EXERCISE REQUIREMENTS:
Starting at the line with "Saint Laurent Satchel", copy each line through the last one below exactly as written, without any pictures.

STORED DATA:
═══

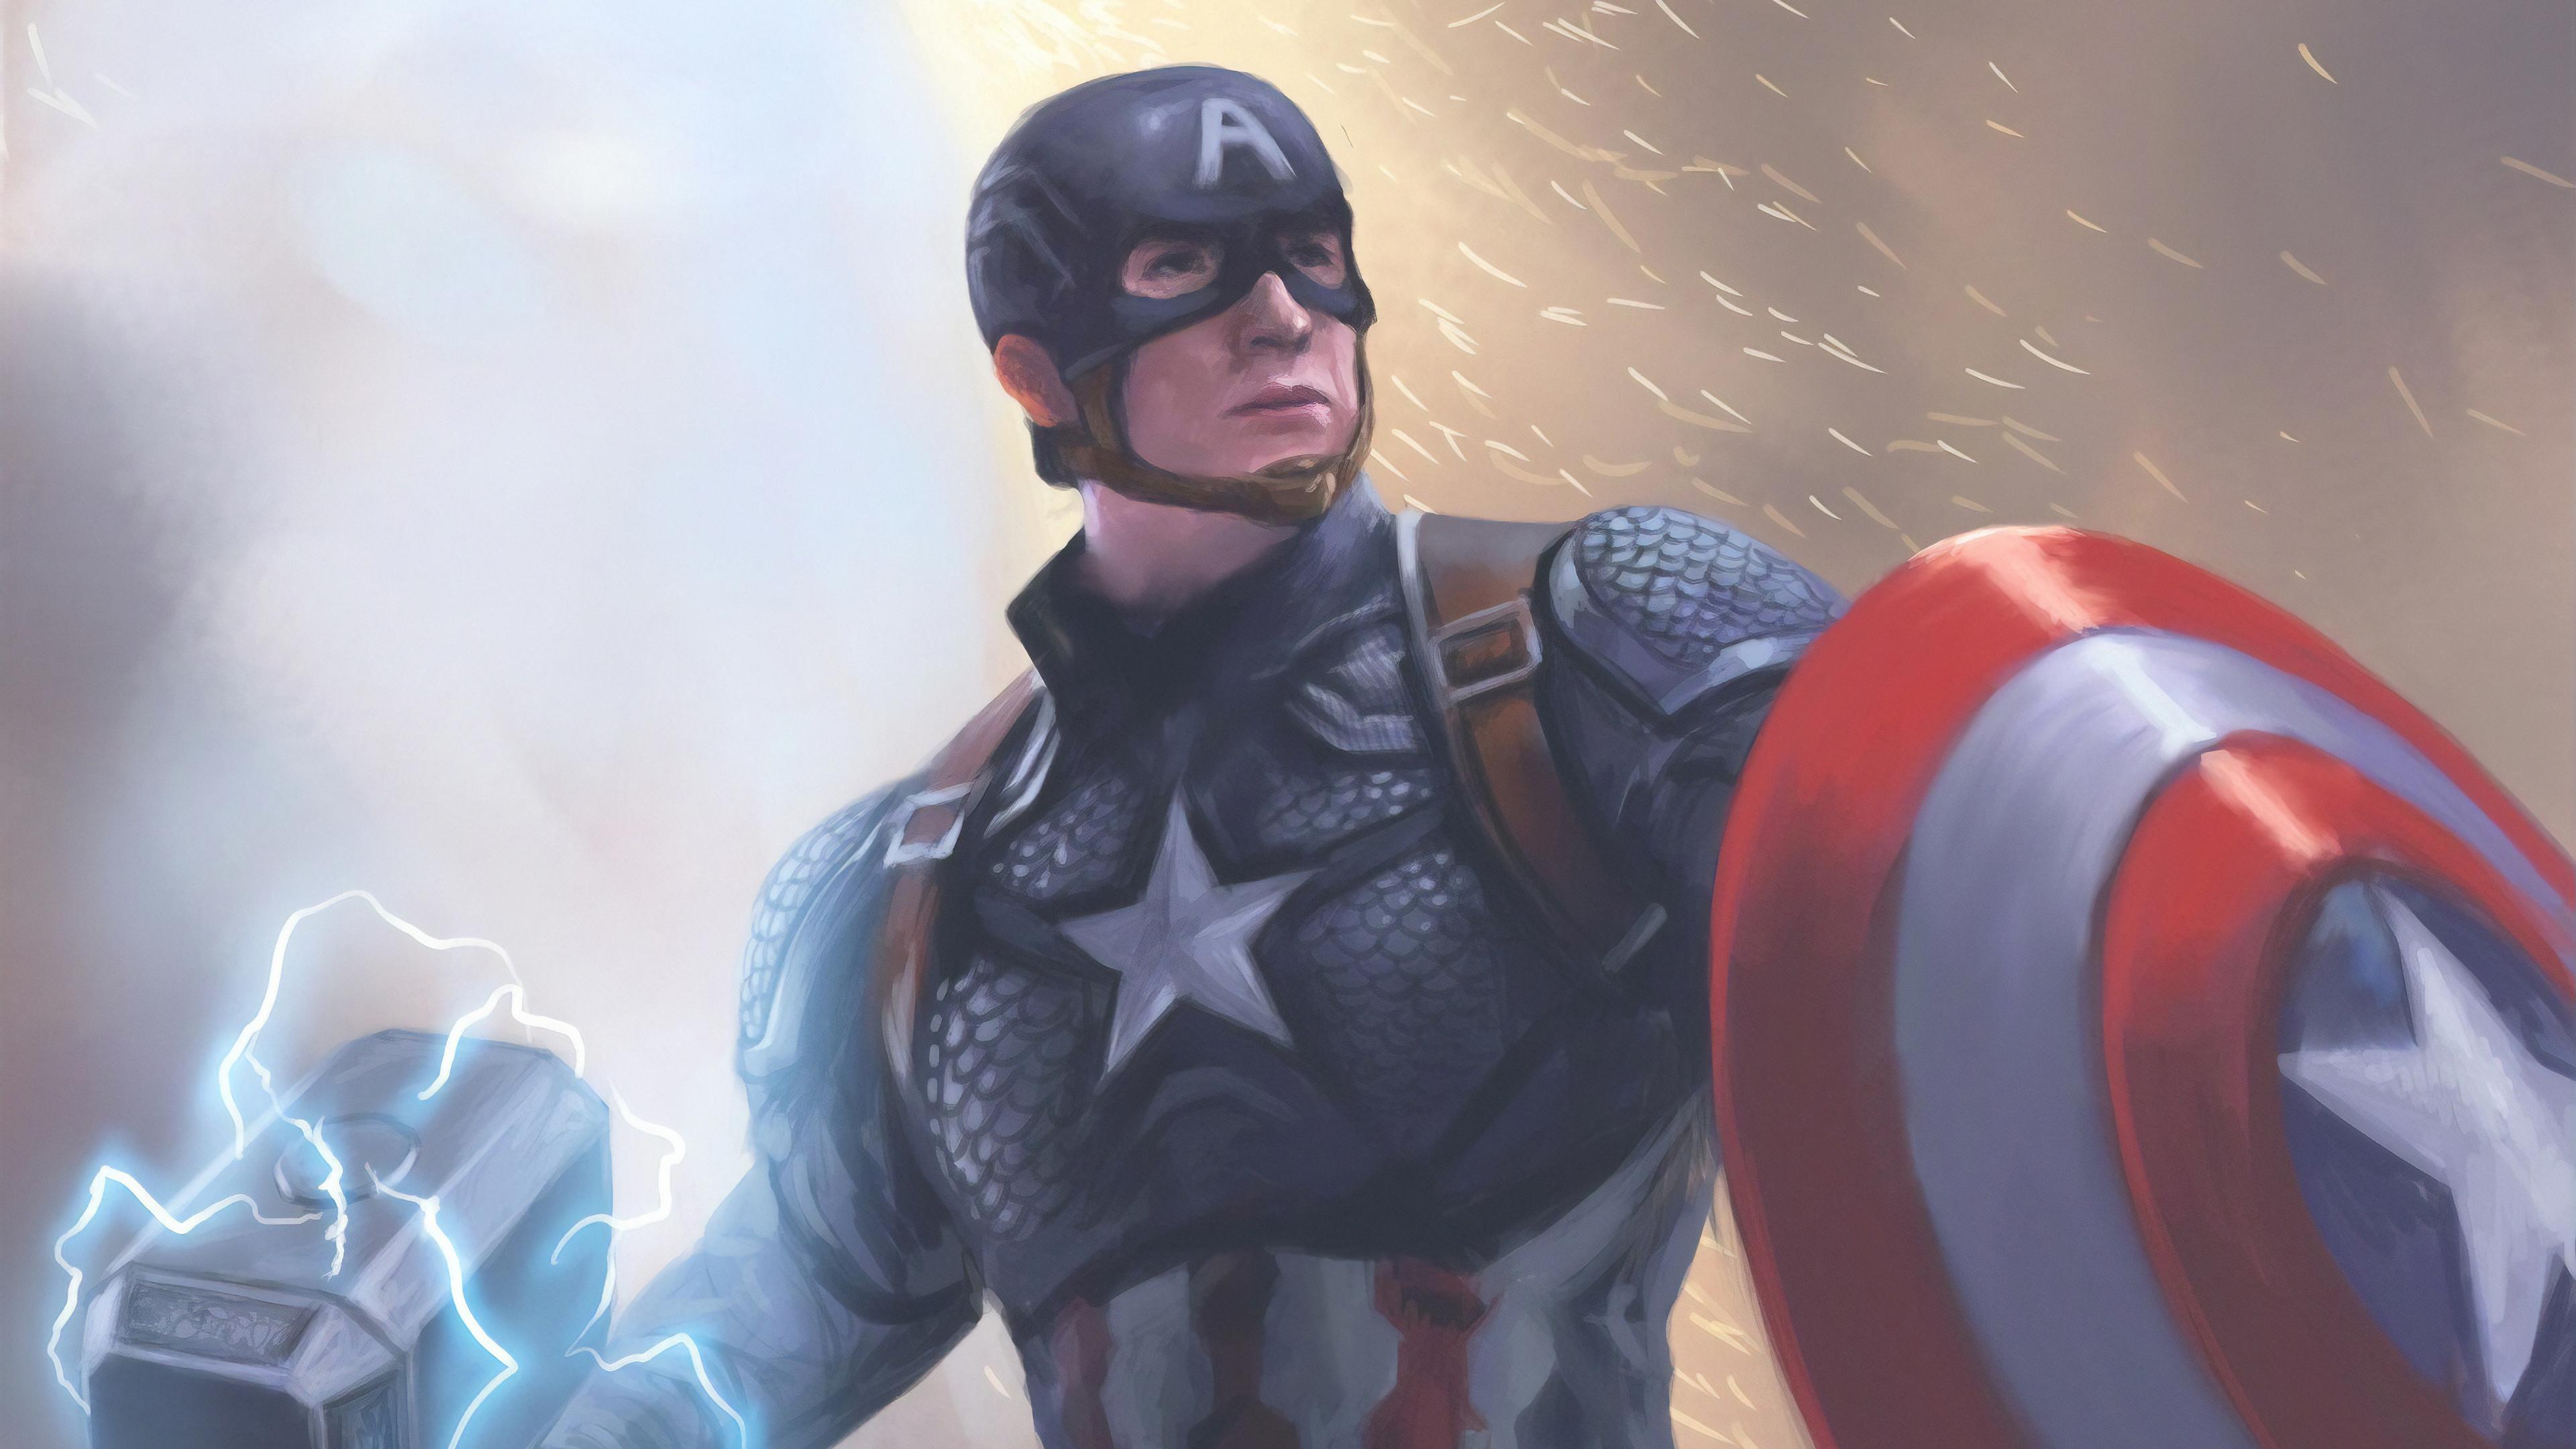 captain america shield hammer 1572368679 - Captain America Shield Hammer - superheroes wallpapers, hd-wallpapers, captain america wallpapers, artwork wallpapers, 4k-wallpapers
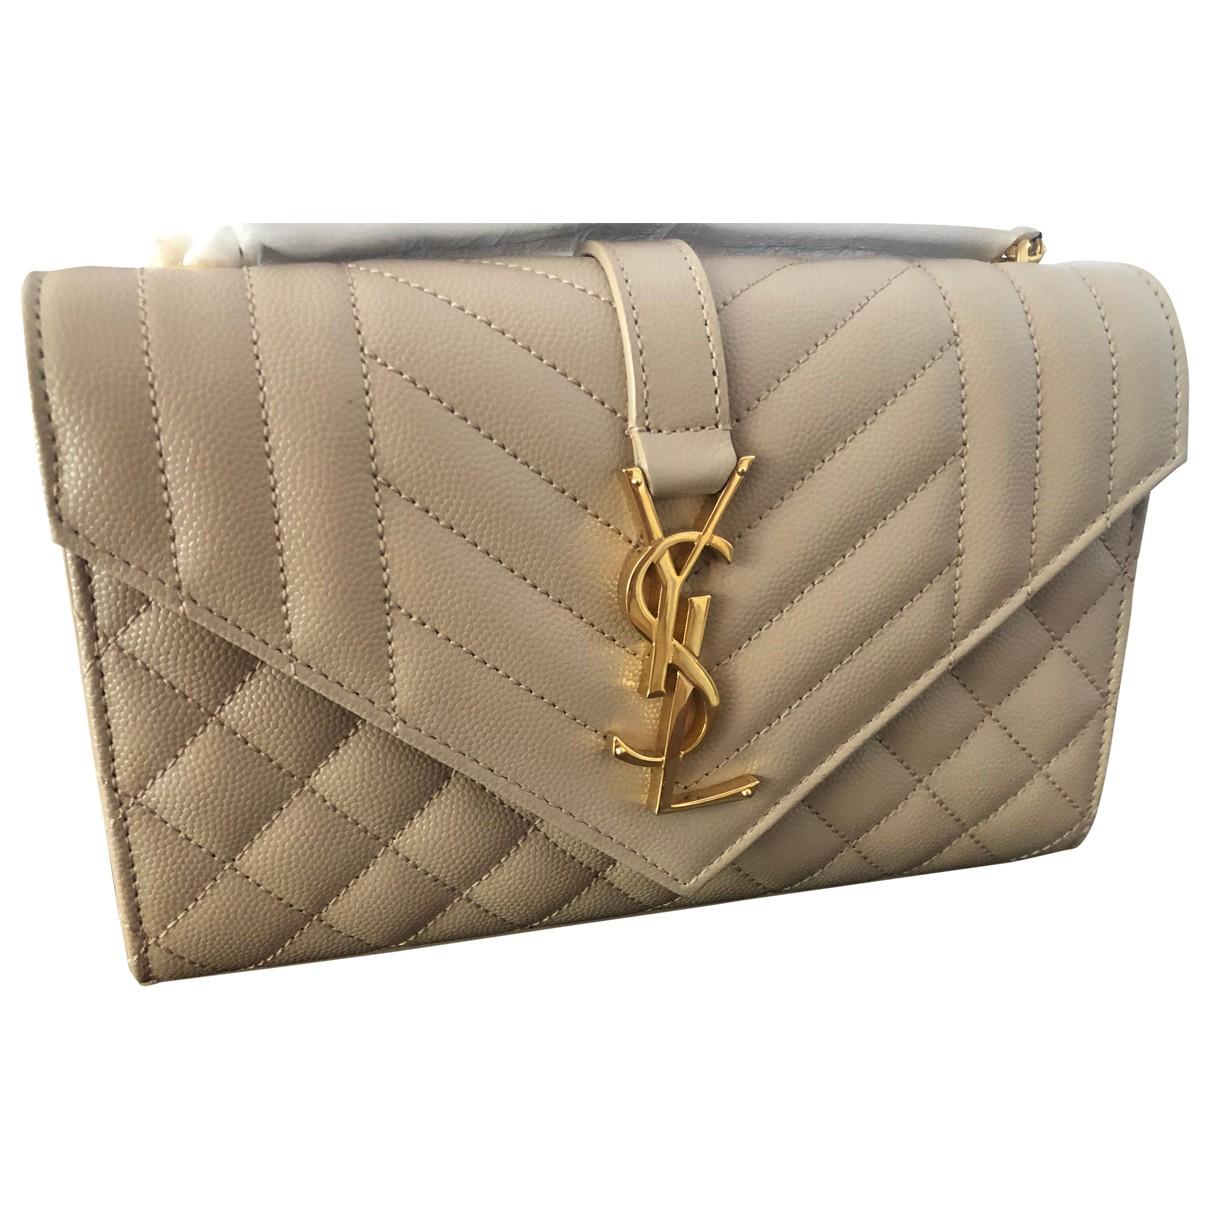 Saint Laurent Satchel monogramme Beige Leather Clutch bag for Women \N
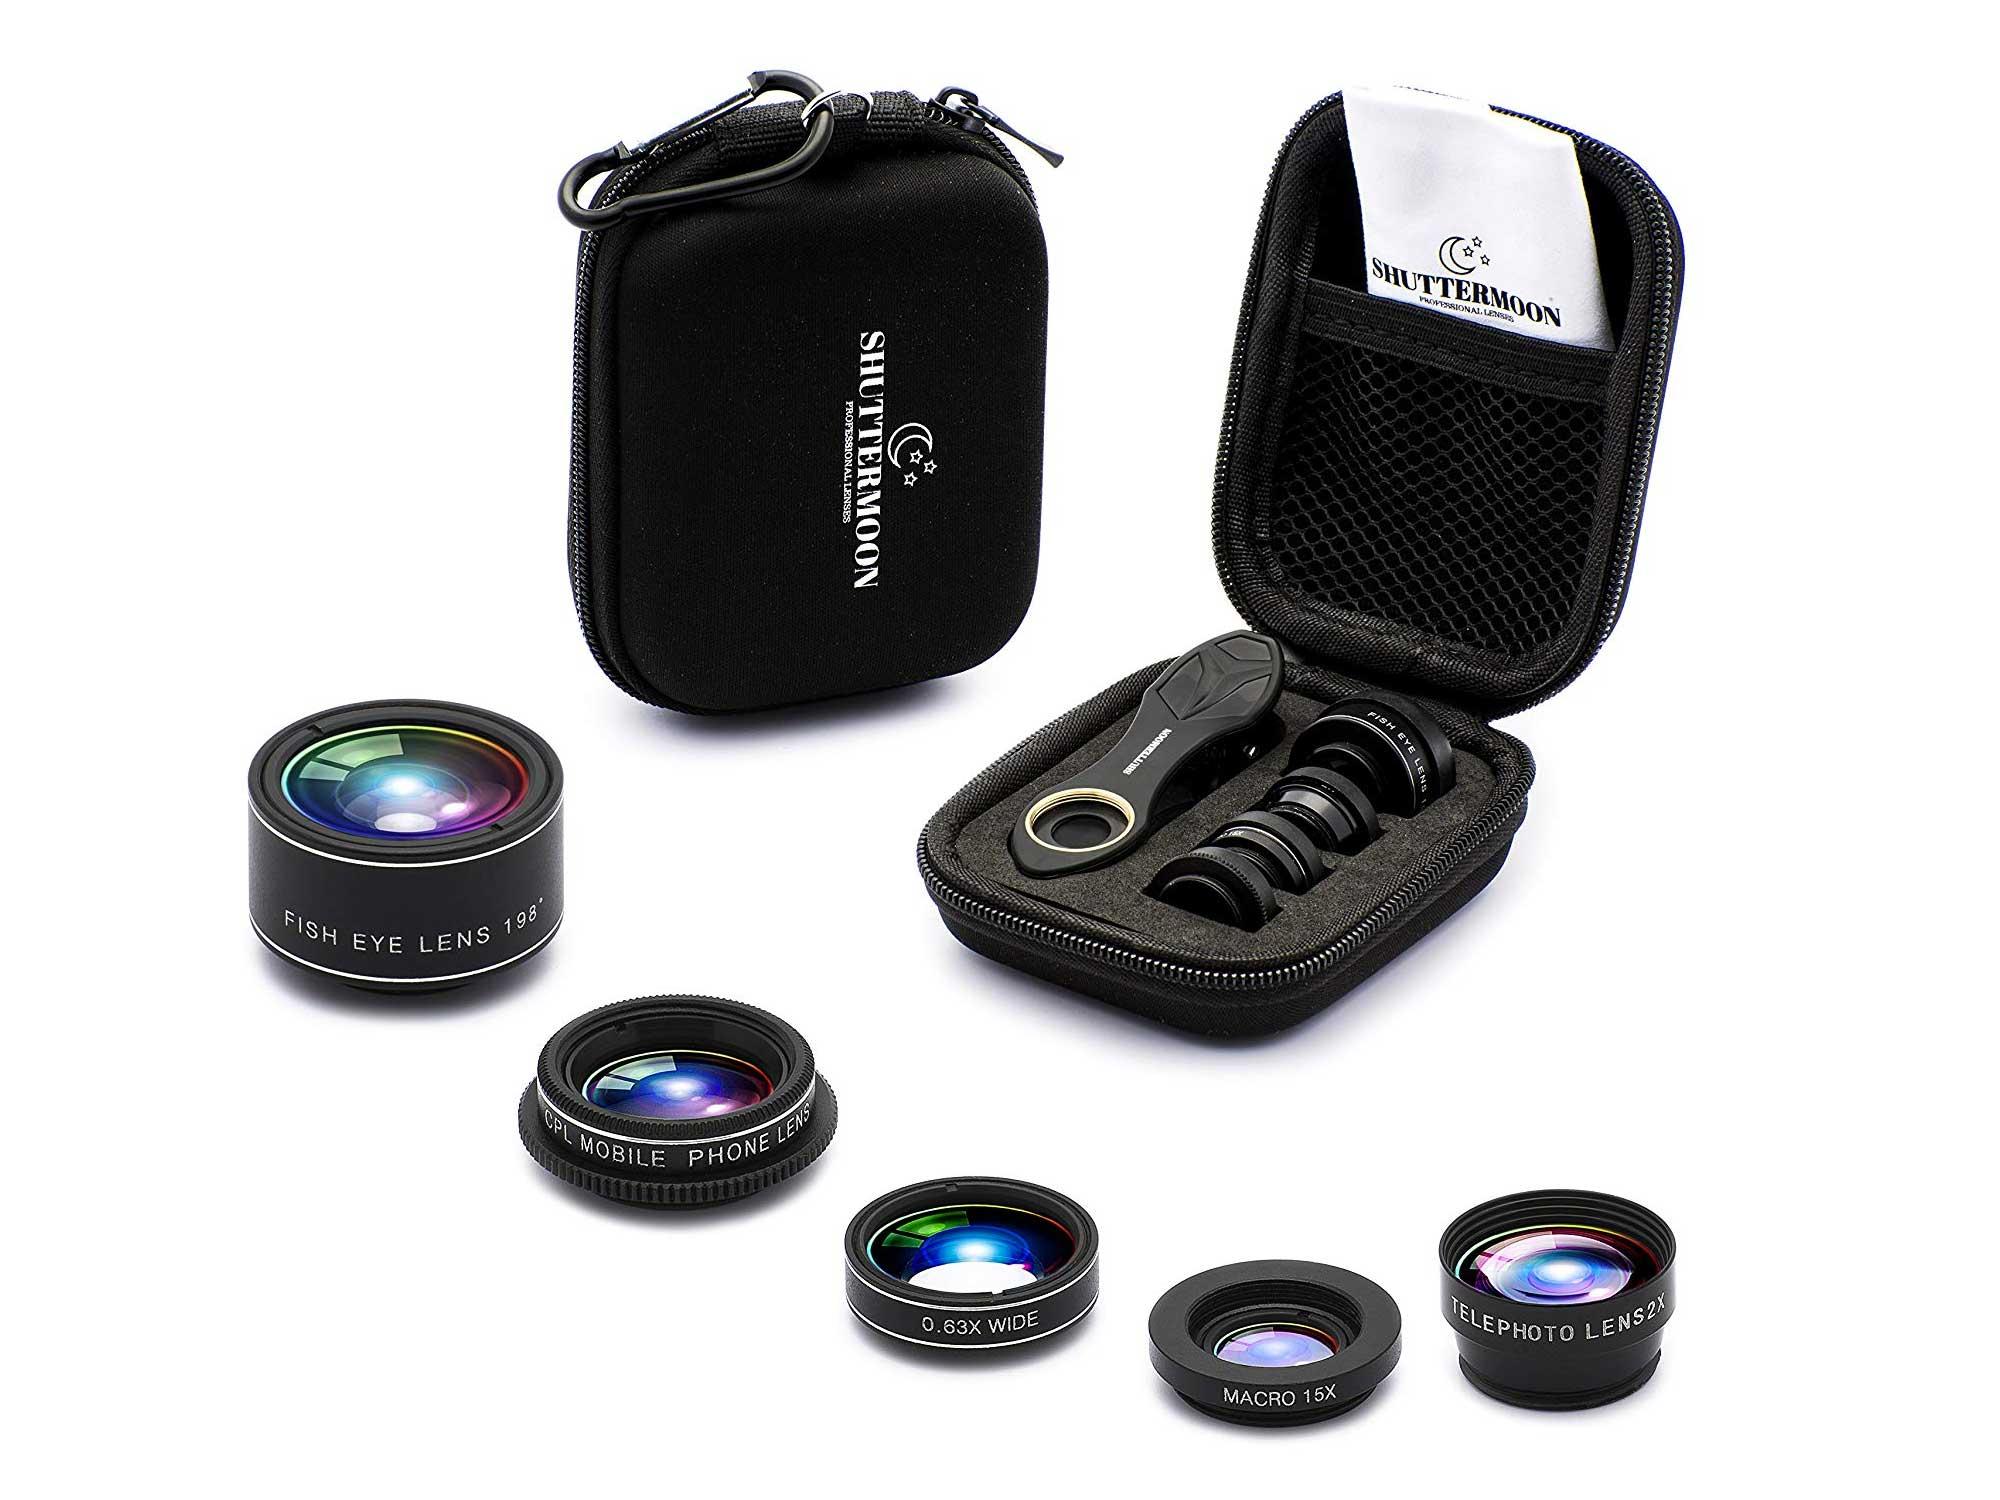 Shuttermoon smartphone lens

═══

YOUR RESPONSE:
 Saint Laurent Satchel monogramme Beige Leather Clutch bag for Women \N
 Shuttermoon smartphone lens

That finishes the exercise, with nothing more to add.